La strada che Renzi si trova davanti non è certo priva di ostacoli, e un avvertimento in questo senso è venuto ieri da Forza Italia che, in via informale, ha manifestato «forte preoccupazione» per quello che Berlusconi e i suoi leggono come l’avvio di «un vero e proprio attacco all’Italia, che il governo farebbe bene a non sottovalutare».



LE DUE ANIME DI FORZA ITALIA

Su questo giudizio pesa il ricordo dell’ostilità internazionale che a suo tempo circondò l’ex Cavaliere allora ancora in sella a palazzo Chigi, così come - si fa notare - alcuni articoli della stampa tedesca non precisamente benevoli nei confronti di Renzi. Ultimo tra i quali quello di Der Spiegel che per il premier italiano paventa una sorta di «effetto Obama», e cioè che alla «troppa euforia iniziale» seguano «risultati scarsi». Ed è in vista di una stagione non priva di insidie per Renzi, che in FI riemergono l’anima aperturista e quella di netta opposizione al premier e al suo governo. Della seconda si è fatto interprete ieri Paolo Romani dicendo che «diagnosi e terapie circa i mali da affrontare ci trovano assolutamente lontani dalle impostazioni governative». Quindi, per il capogruppo azzurro al Senato, «mancano oggi le condizioni minime per dare vita a una grande coalizione». Diverso l’atteggiamento di Brunetta e Matteoli. Il capogruppo alla Camera, infatti, afferma: «Poco importa che Renzi e il suo governo dicano di fare da soli. Quello che conta è il senso di responsabilità di FI. Noi abbiamo a cuore i problemi del Paese e se ci saranno provvedimenti per la salvezza dell’Italia li voteremo». Da parte sua Aletro Matteoli apre al confronto dicendo: «FI è pronta a dare il suo contributo. Renzi batta un colpo».

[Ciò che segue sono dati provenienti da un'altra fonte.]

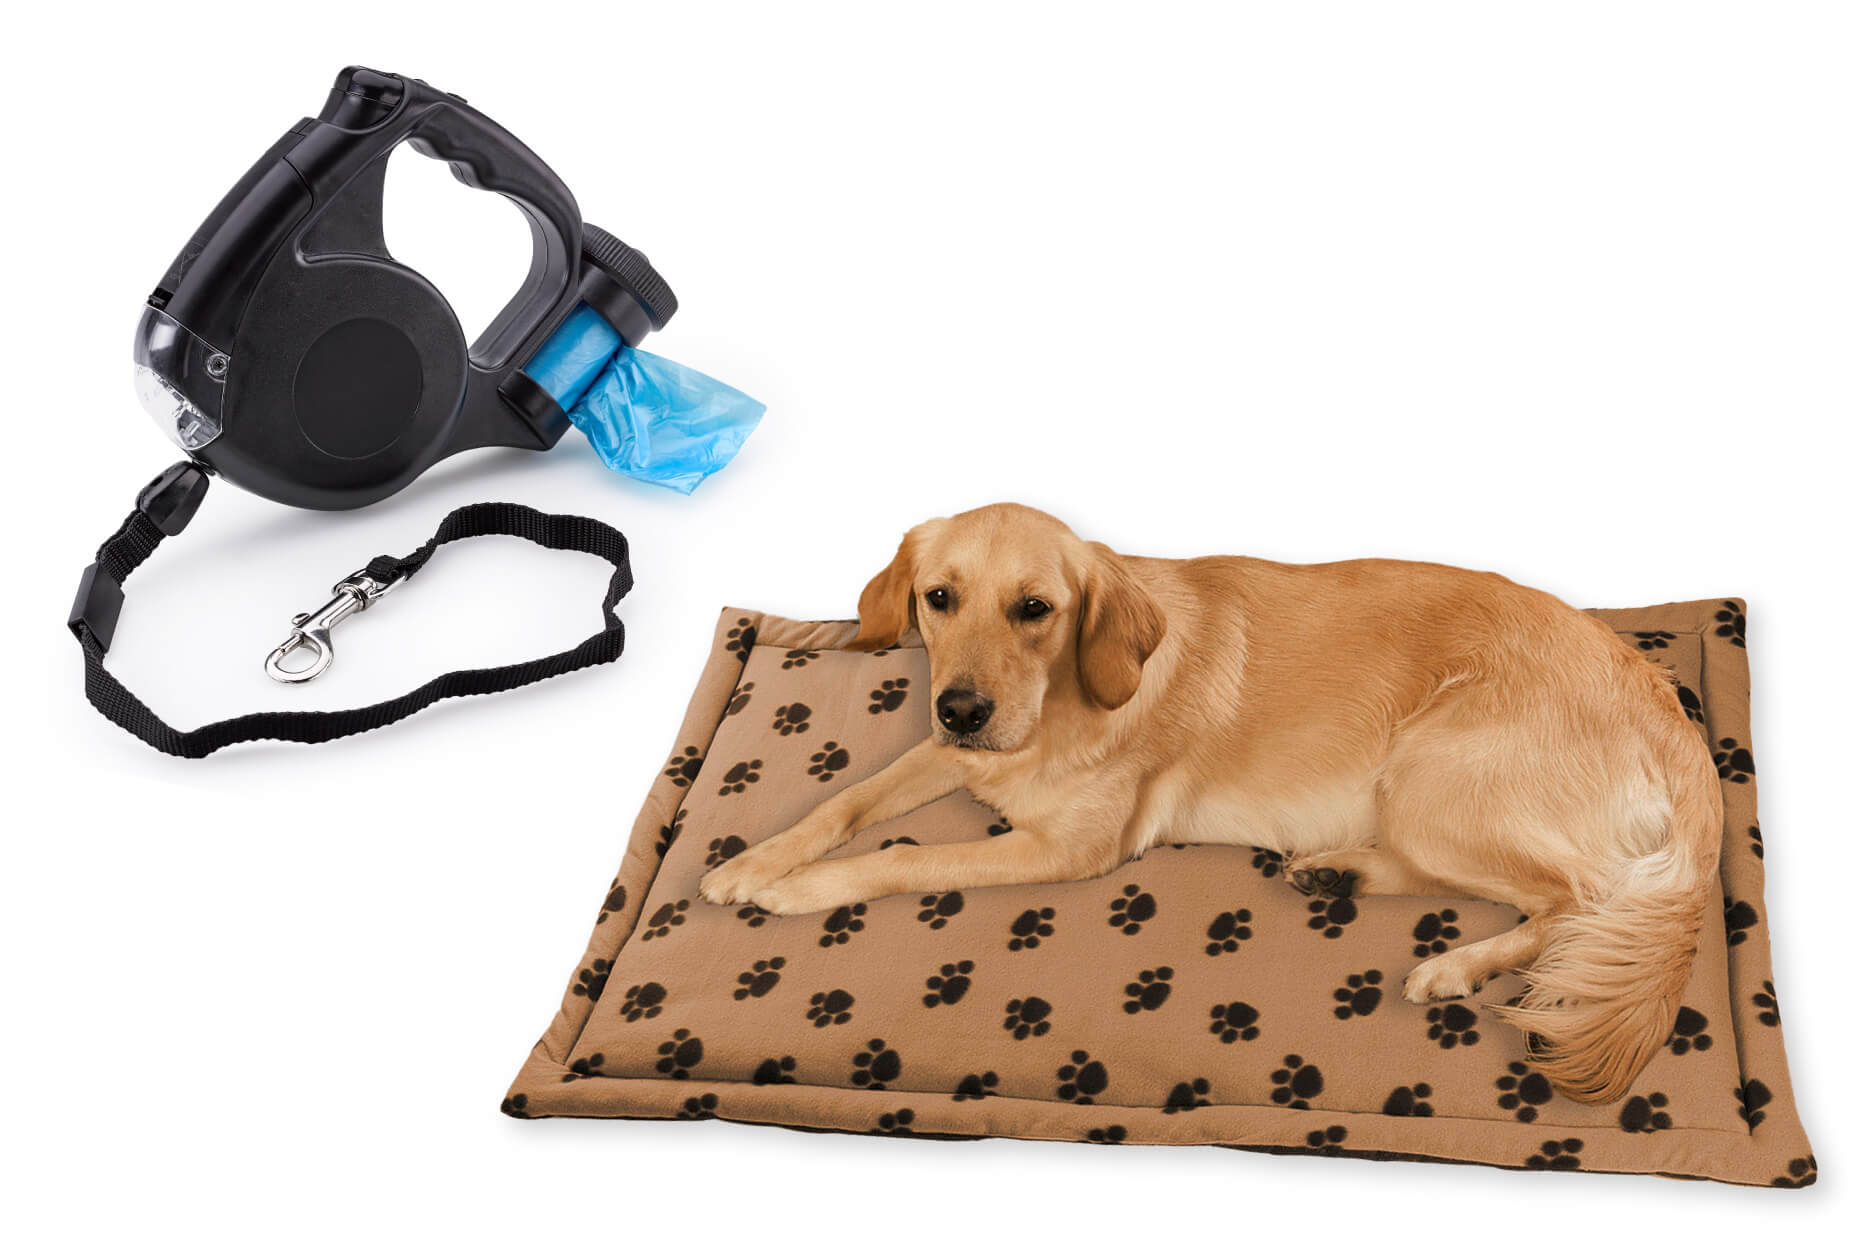 Bester-Freund Set für Ihren Hund mit gemütlicher Decke und praktischer Hundeleine mit LED-Licht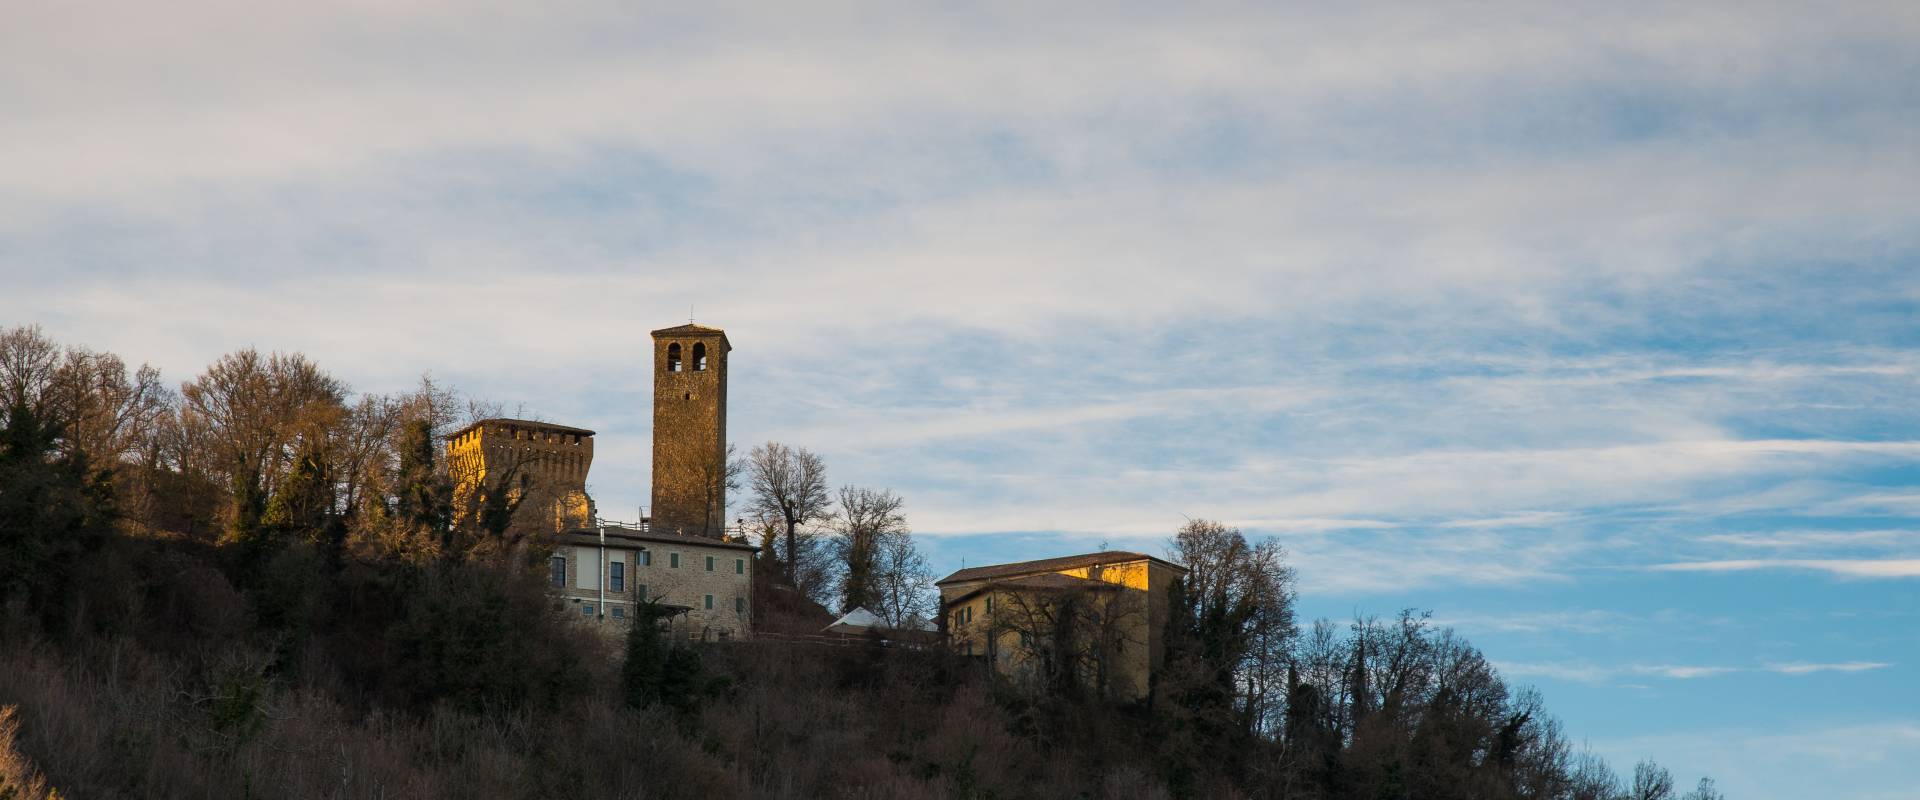 Castello di Sarzano foto di Lugarex

Delle difficoltà della situazione economica europea, e delle correlate preoccupazioni, è eloquente segnale l’allarme lanciato dalla Bundesbank, secondo la quale «le tensioni geopolitiche che, dopo la prima metà dell’anno, hanno offuscato le prospettive congiunturali dell’economia tedesca, possono mettere a repentaglio la ripresa» della stessa Germania. Situazione di rischio questa che, almeno teoricamente, potrebbe favorire un atteggiamento meno rigido di Berlino e della banca centrale tedesca nei confronti della Bce di Mario Draghi per possibili allentamenti monetari. Speranza condivisa senza dubbio dalla Francia, che ieri ha visto l’agenzia Moody’s tagliare di nuovo, a distanza di neppure un mese, le prospettive di crescita di Parigi, portandole da +0,6 a +0,5 per il 2014 e da +1,3 a +0,9 per il 2015.